Le premier d’entre eux est de réveiller un débat qui ne cesse d’agiter les historiens de la colonisation et de la décolonisation ainsi que les africanistes de tout poil sur les conséquences de la présence des puissances européennes sur les territoires africains aux XIX° et XX° siècles.

Ce débat là ne manque pas d’intérêt et ceux qui le mènent le font souvent avec une connaissance pointue qui permet à leurs lecteurs et auditeurs, à l’occasion de ces enjeux d’actualité lourds, de s’instruire un peu. La question du néocolonialisme n’est jamais loin, et si les uns et les autres tentent d’y répondre posément et avec expertise, elle a toute sa place dans le débat.

Pédagogie ministérielle

Le second risque en revanche est que l’appel à l’histoire ne serve en rien la pédagogie ministérielle. Que peut comprendre le téléspectateur qui, au détour de son zapping du soir, tombe sur ces déclarations de Jean-Yves Le Drian répétés en boucle sur I-télé ou BFM TV ? Et même celui qui regarde attentivement son JT de 20H sur TF1 ou France 2 ? Que veulent dire pour eux les mots « responsabilités historiques » de la France en Afrique ?

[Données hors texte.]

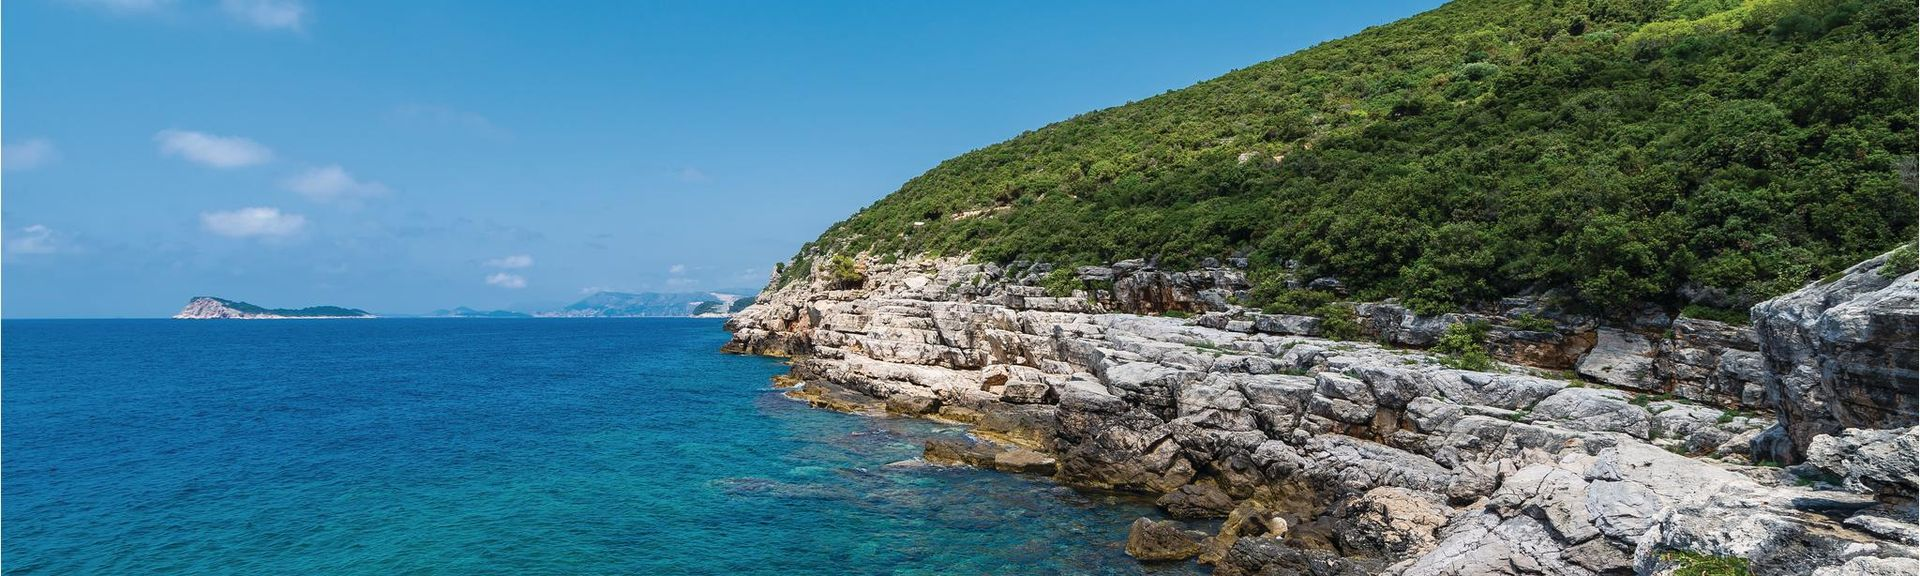 Gruda, Konavle, Dubrovnik-Neretva, Kroatien

On peut espérer que les plus de 40 ans ont encore quelques souvenirs de leurs cours d’histoire du lycée sur la colonisation. Ceux-là se souviennent peut-être de la carte des empires européens en Afrique. Mais il y a fort à parier que les plus jeunes n’aient, eux, que des bribes de savoir dans la tête, déconnectées de toute trame chronologique, privées de toute contextualisation, fondées pour l’essentiel sur quelques polémiques qui ont émaillé l’actualité ces dernières années, faites de conflits mémoriels et d’interventions politiques plus ou moins courageuses sur les conséquences de la colonisation et de la décolonisation.

Chez ceux-là, les mots du ministres peuvent provoquer au choix deux réactions : certains, agacés que la France soit toujours tenue pour responsable de tout, grommelleront dans leur barbe qu’« il n’y a qu’à laisser ces Africains se débrouiller entre eux ». Les autres approuveront Sangaris en Centrafrique et Serval au Mali : la France est responsable des malheurs des Africains, pensent-ils.

C’est normal qu’elle prenne sa part dans le règlement de leurs conflits. Mais alors, si l’opération ne réussit pas, si Sangaris peine à obtenir les succès attendus, si les résultats d’une réconciliation palpable, et surtout « filmable », tardent à venir, la France sera encore responsable de ce qui sera perçu comme un échec.

En bref, en appeler à l’histoire dans le débat sur la politique internationale de la France, est plus que légitime mais ne peut plus être d’aucune aide pédagogique. Les références à l’histoire ne deviennent plus qu’une petite pierre du magma communicationnel qui, comme beaucoup d’autres, ne touchent plus les intelligences mais les affects.

Quand des connaissances précises ne sont plus inscrites durablement dans les cerveaux, avec la grille chronologique qui permet de les comprendre, la mémoire du passé ne devient qu’un ressenti comme un autre. Elle n’est plus un savoir auquel on peut faire appel pour mener une politique qui puisse être comprise. On pourrait rêver alors d’émissions d’actualité de l’histoire qui permettraient, à l’occasion d’une opération comme Sangaris, de venir combler ces lacunes immenses. Elles apporteraient au traitement médiatique des conflits une valeur ajoutée incontestable.  Il y a là, pour les médias, un défi immense à relever.